NAFTA came into force on January 1, 1994. Even though it was signed by the Clinton Administration, negotiations for creating a North American economic bloc had started earlier under the Reagan and Bush Administrations. It was technically the expanded version of an already existing Canada-United States Free Trade Agreement of 1988 with the addition of Mexico. By creating a free-trade zone in North America, the deal aimed at sustaining the economic competitiveness of North America vis-à-vis other dominant economic blocs of the time—for example, the European Union and East Asia. Tariff free access to lucrative American market was mostly given to goods manufactured in the region, which was simultaneously setting a barrier for goods manufactured outside the zone. Achieved mainly through the creation of a complex system of local content, North America remained a competitive manufacturing zone as well as a lucrative market.

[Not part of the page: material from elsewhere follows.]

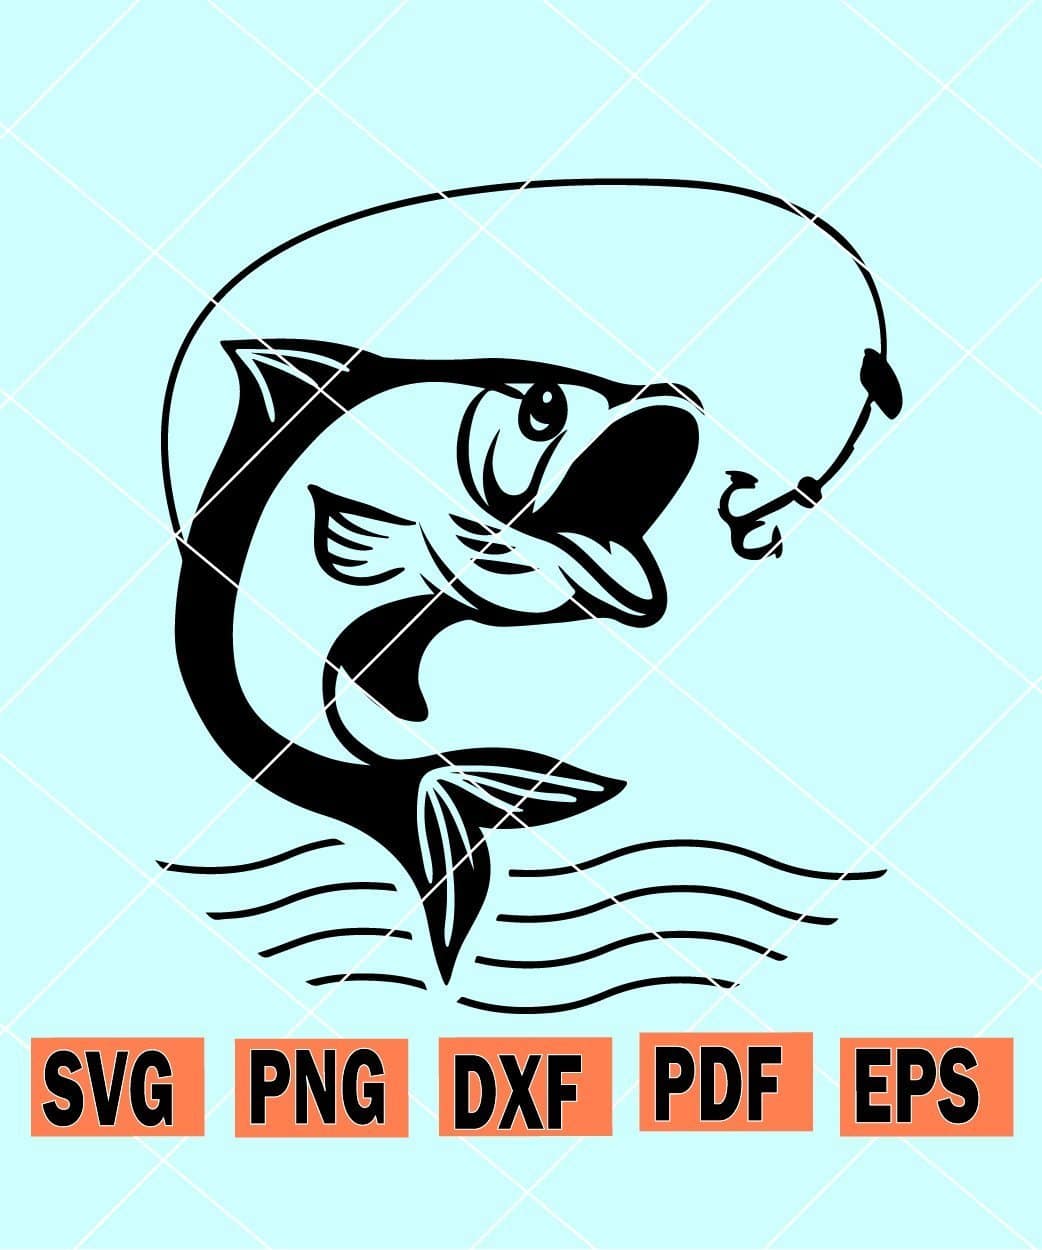 https://www.svghubs.com/wp-content/uploads/2020/08/fishing-pole-01.jpg

The positive effect of this deal on Mexico’s account deficit has been enormous. The value of total trade between Mexico and the U.S. was about $89 billion in 1994 and Mexico ran a deficit of $1.3 billion. However, in 2017 aggregated value of trade went up to an astounding$557 billion with $71 billion surplus on Mexico’s balance. Achieving such levels of trade surplus was due to complete transformation of the Mexican economy. Especially in the area of manufacturing, Mexico became the epicentre of FDI oriented for manufacture exports. The share of manufactured goods in exports rose from 32.1 per cent in the 1970s to 78.7 per cent between 2000 and 2014. As Mexico’s integration with global value chains intensified, the economy in aggregated numbers grew spectacularly while its value-added growth rate declined (2.11 per cent per year between 1997 and 2014 compared to 7.12 per cent per year during 1950 and 1981), and labour productivity stagnated (de Souza & Gómez-Ramírez, 2018).

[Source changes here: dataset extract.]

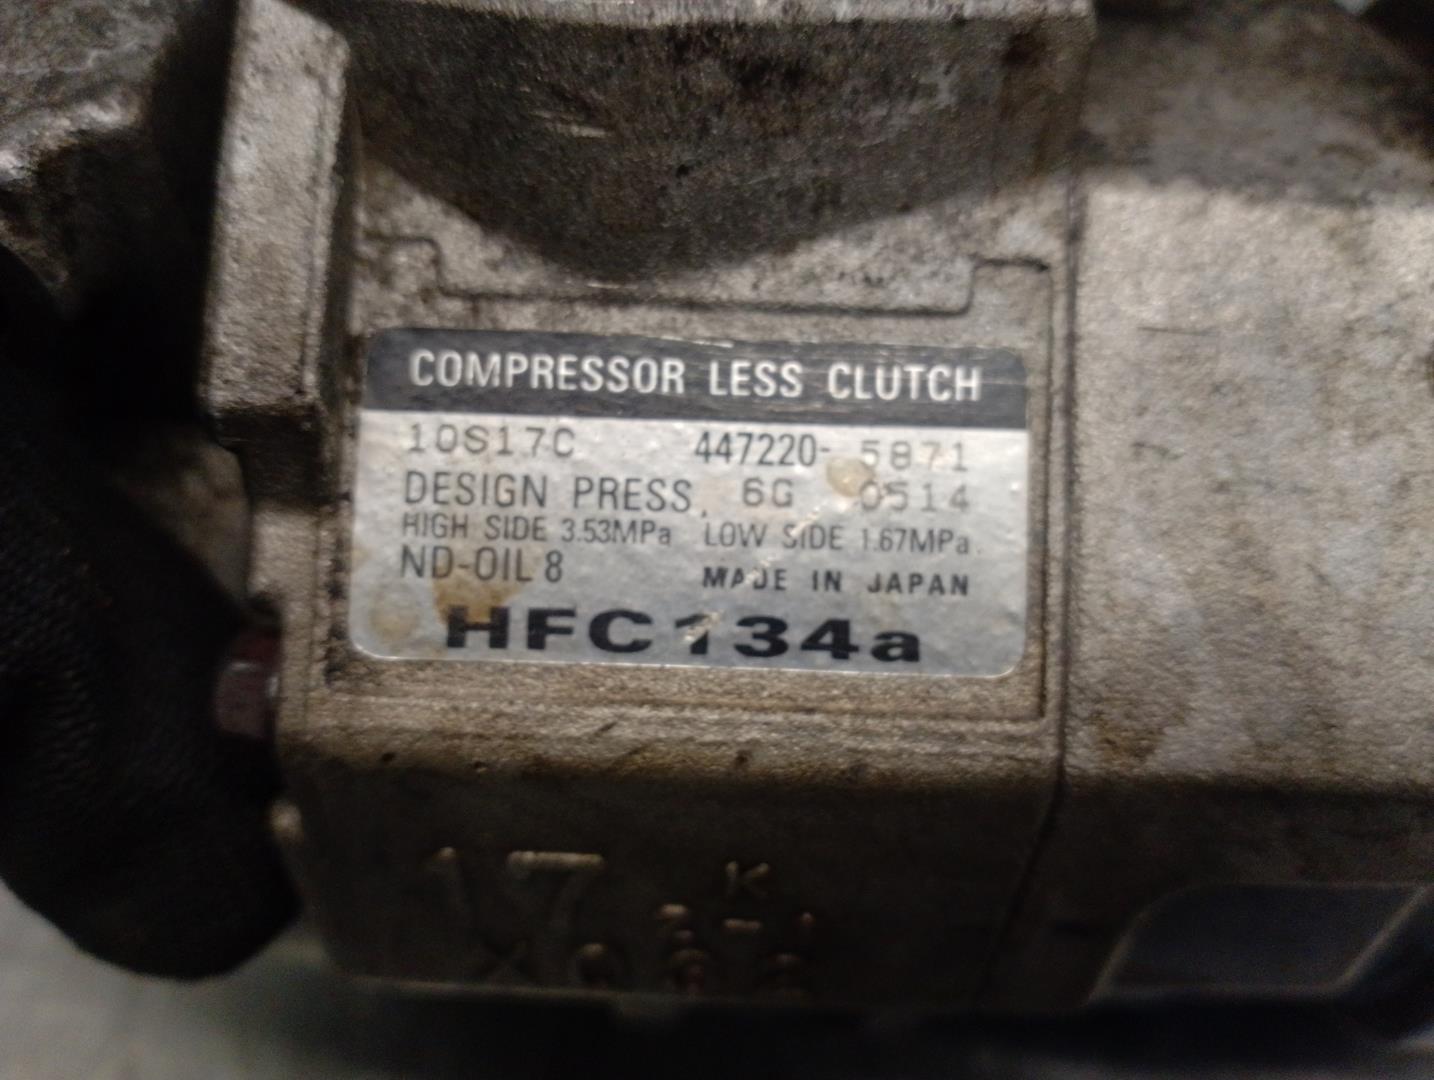 CHRYSLER Sebring 2 generation (2001-2007) Air Condition Pump 4472205871, 10S17C 21722421

Mexico’s automobile production prior to NAFTA was moderately developed with around a 1.1 million unit production capacity. Originally designed during the import substitution era and reshaped after the crises of the 1970s, automotive output was split between the domestic market and exports. It was completely dominated by foreign automakers as Mexico’s attempts to develop its home-grown brand failed (Traub-merz, 2017). Following NAFTA, Mexico became a fast-growing export market and raised its production volume to around 3.5 million units a year. Eighty percent of its output is exported and about eighty percent of that is headed to the US. More than 60 per cent of Mexico’s automotive manufacturing, in other words, is to feed the US. market. Such substantive transformation in the past twenty years became possible with not only the FDI by U.S. based manufacturers such as GM, Ford and Chrysler (now part of Fiat-Chrysler Alliance, FCA) but also German and Japanese automakers who sought tariff free access to the US market.
This model of development, therefore, designated Mexico as a favourable manufacturing site for exports. Thanks to soaring investments, it was able to sustain above-mentioned trade surpluses vis-à-vis its trade partners (especially the US), however it failed to transform its economy to an autonomous and diversified one sustaining its own growth dynamics. This dependence on the US became crucial when Trump imposed the renegotiation of NAFTA. When the Trump Administration pushed for raising the bar for above-mentioned local content ratio to 75 per cent and negotiated for a new labour content value rule that mandates 40 per cent of a passenger vehicle and 45 per cent of a pickup or cargo vehicle to be made by hourly workers who earn a minimum of $16 per hour (Center for Automotive Research, 2018, p. 2), Mexico had to concede. These two rules effectively left the 30 per cent of the cars exported from Mexico to the U.S. ineligible for tariff-free trade and will force further restructuring on the Mexican auto industry.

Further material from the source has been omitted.